What I want to ask is: if we already have the technology to create the hybrid car, then why are we still producing non-hybrid cars? While every other car in the Bay Area is a Prius, did you know that Porsche are producing a hybrid sports car? Also Jaguar are busy producing their own hybrid line, and both cars should be ready to coincide with my fiftieth birthday (to help this come true, please contact your local top fiction publisher or blockbuster movie company!).
The Chinese, I believe, use the same word to mean disaster and opportunity. With the collapse of the American car industry, there was an opportunity that was only partially grasped. The American public seemed willing to bail out the US car industry but insisted that it become relevant in today’s economy. I had the opportunity to hold this discussion with about a dozen patriotic, forward-thinking Americans, almost all of whom are loyal Toyota, Honda and Lexus drivers.
In restructuring the American car industry, why didn’t we insist that only cars with a minimum mpg be produced? Why not decide now that no car with a fuel consumption of less than 35 mpg will be made on American soil by 2013 – the technology is there, so why wait for a few more icebergs to melt?
Can we go further and not import cars that fail to adhere to such standards? Instead of fearing repercussions from our fellow business partners abroad, why not build consensus by bringing them on board to adopt the same standards? The country that manufactures Toyota, Honda and Lexus, fully understands what happens when the natural world goes out of sync.
What’s holding us back from taking this simple, but bold step? We’ll discuss that on Friday.
Alon Shalev is the author of The Accidental Activist (now available on Kindle) and A Gardener’s Tale. He is the Executive Director of the San Francisco Hillel Foundation, a non-profit that provides spiritual and social justice opportunities to Jewish students in the Bay Area. More on Alon Shalev at http://www.alonshalev.com/and on Twitter (#alonshalevsf).
Alon, you’re basically talking about CAFE standards – corporate average fuel economy. These mandate that a companies average is a certain MPG – I think it went up to 30 this year. CAFE doesn’t say anything about using a certain technology, just MPG.

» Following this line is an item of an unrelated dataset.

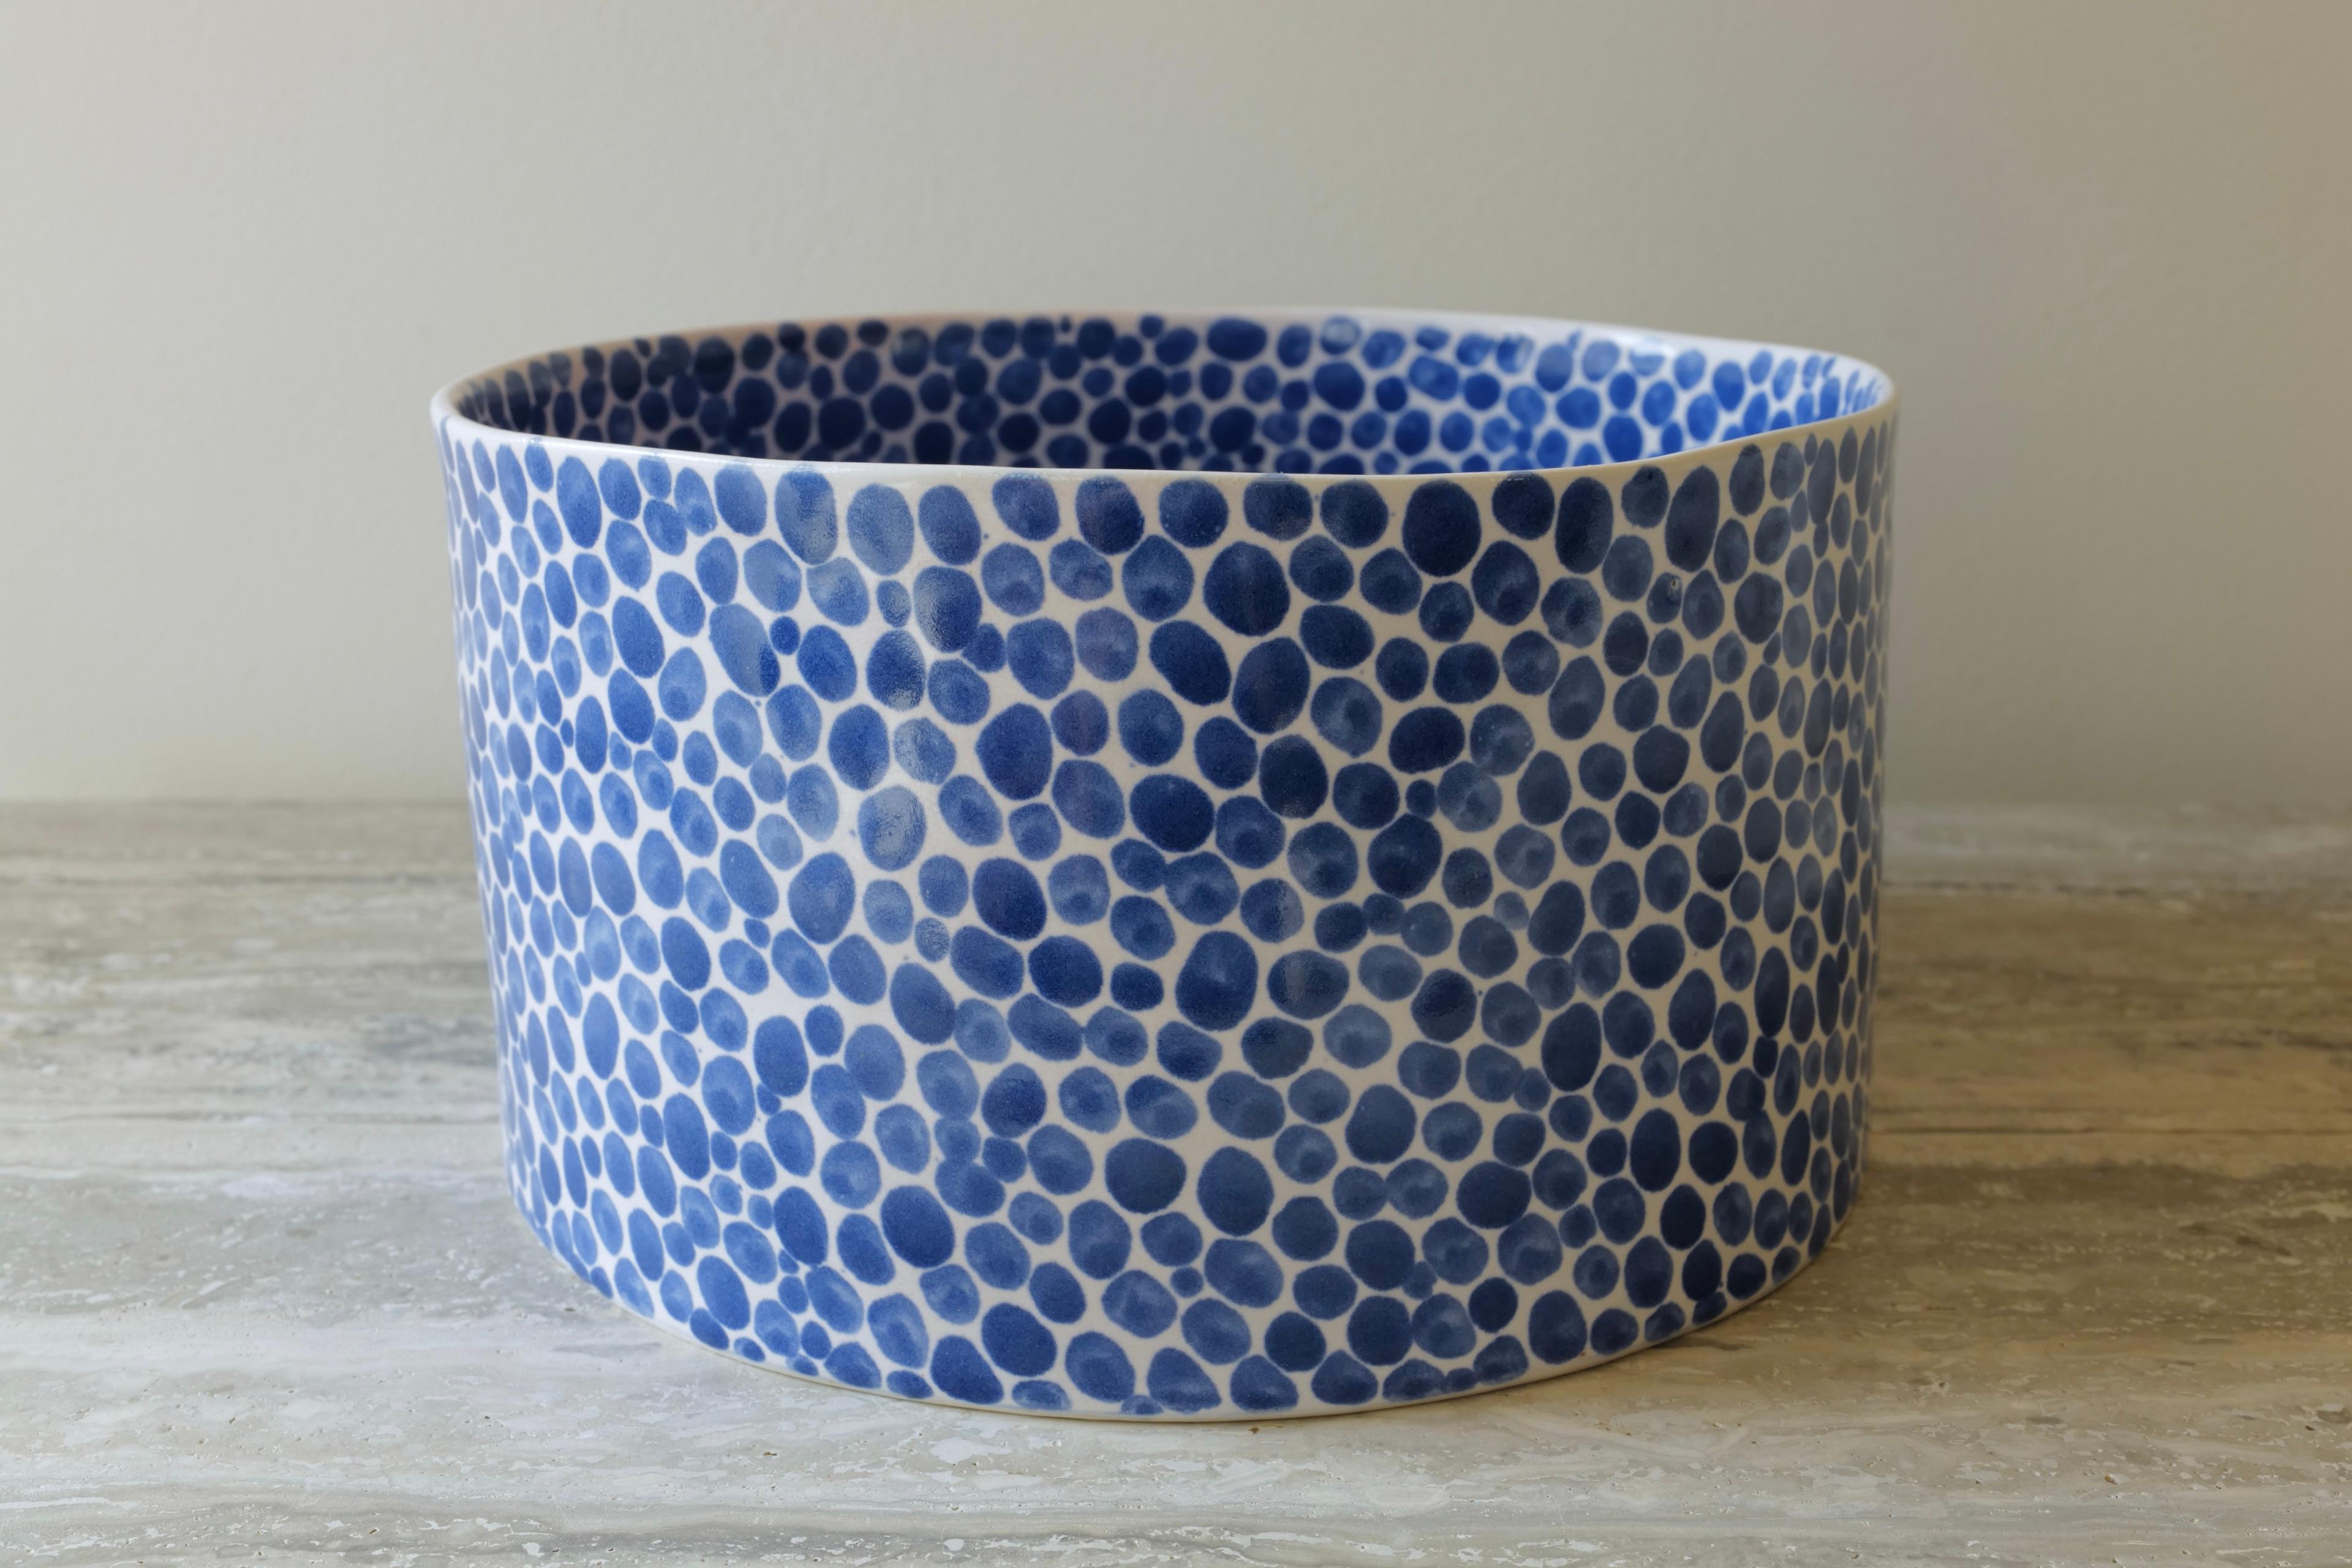 This multi-functional ceramic bowl is perfect for fruits or vegetables as well as for flowers as a wide, deep vase. Hand-cast in porcelain and once bisque fired, each dot is hand-painted with a traditional cobalt blue glaze. An unconventional

Of course, trucks are different and just plain old exceptions are granted sometimes. And the gains in CAFE have come like ground in a war – through huge opposition from corporations (car AND oil) and their money. And it does matter who is in the white house and congress as well.
What you’re talking about here is common sense. That’s not allowed except in smaaaaall doses in our government.
One of these days I’ll do a post on why oil companies WANT to hurry up and get to an oil shortage.
I’m looking forward to seeing that post. I would hazard a guess as to why the oil companies would want that, but I don’t want to spoil your post!
How about a Presidential candidate running a campaign: Common Sense, Yes We Can!?